# Big wahoo video



## youngbloodr2 (Aug 17, 2012)

This isn't recent but I found the old video it was from last year. My buddy Kais Daoud put me on him.


----------



## KingCrab (Apr 29, 2012)

Surprised the reel had the line capacity to land that 1. I've had them spool pen 706's.


----------



## grey ghost (Jul 24, 2011)

nice hoo!!!


----------



## cobe killer (Apr 13, 2008)

very nice wahoo!! congrats and nice gaff shot too!


----------



## youngbloodr2 (Aug 17, 2012)

yeah it dove straight down we followed it with the boat to keep it from spooling me


----------



## Bill Me (Oct 5, 2007)

Weight?


----------



## JoeyWelch (Sep 25, 2009)

Awesome fish. Wish I could do that.

Were you just fishing a driftline?? What bait??


----------



## youngbloodr2 (Aug 17, 2012)

The weight was 79.3 or .6 if I remember right but it hit a dead ly. We were bottom fishing so I casted out a king rod and this wahoo decided to hit it instead.


----------



## Capt. Delynn (Oct 4, 2007)

That's a dang fine hoo there Austin. I remember it was 79 lbs and some change. Thats a beast on any rod much less a mackeral rod. Great job guys. My hats off to your 15 year old captain for that fish and very nice gaff shot also. Not many people would trust such a young man to take them offshore.
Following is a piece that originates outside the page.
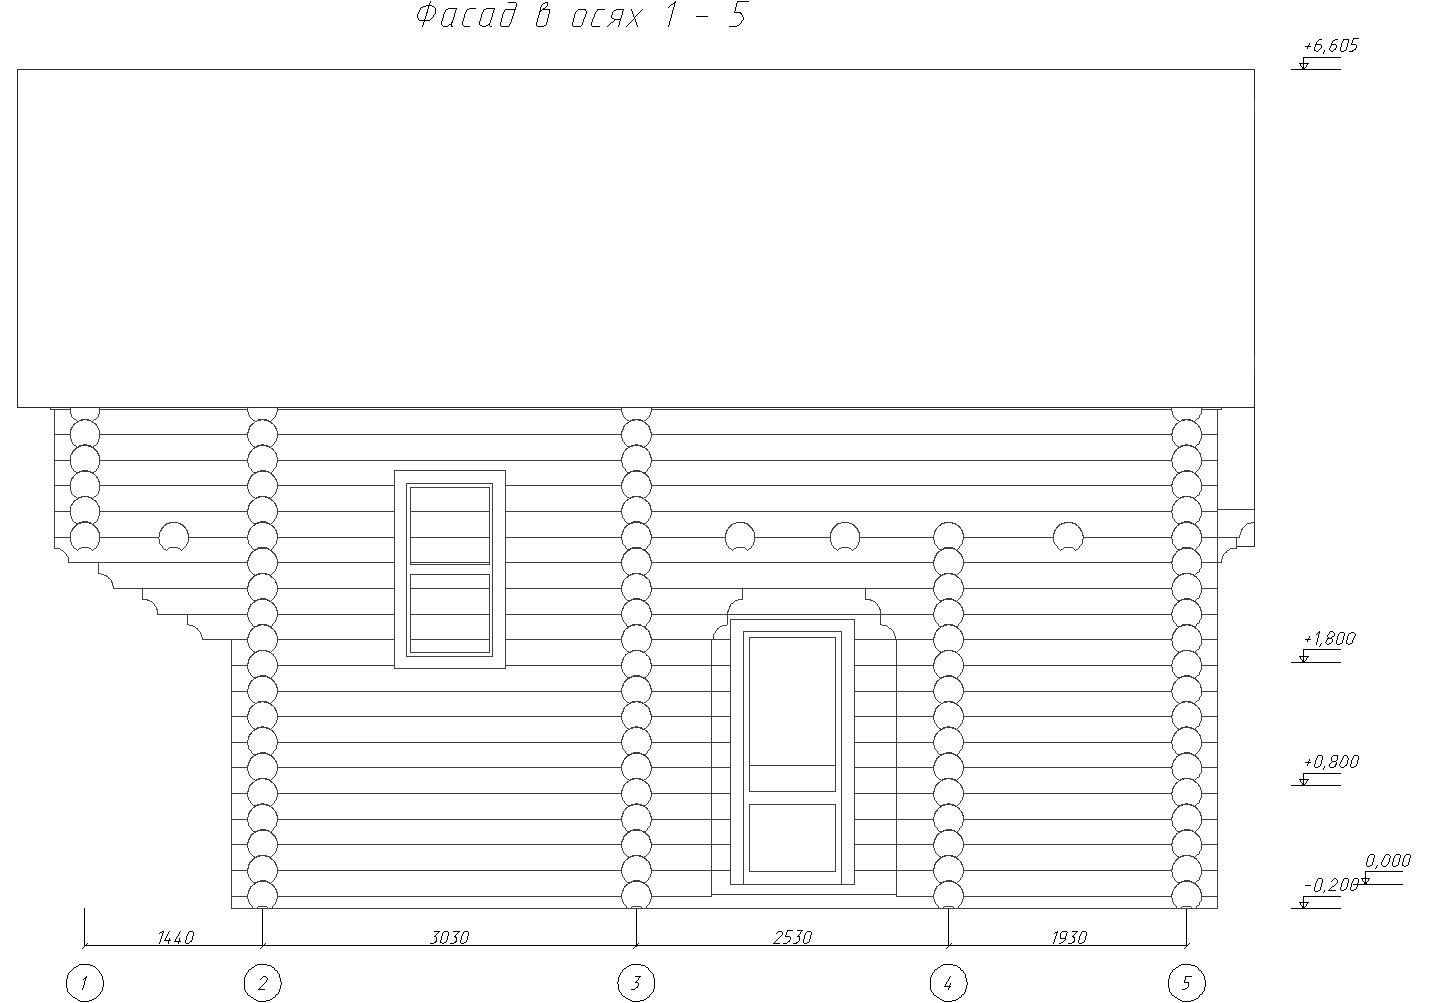 Фасад дома из оцилиндрованного бревна 6x7 с мансардой в осях 1-5

But, as you know, Kais is not the average young man. You two boys have turned into a fine set of fishermen and great boys. I'm very proud of you both.


----------



## Bill Me (Oct 5, 2007)

Awesome


----------



## youngbloodr2 (Aug 17, 2012)

Hey Capt. Delynn, you're right Kais isn't the average fisherman especially for his age. I guess he learned from the best. I cant wait to get back home to go fishing with yall again. Hope everything is going good. I heard Kais may be on the boat again sooner than they thought before.


----------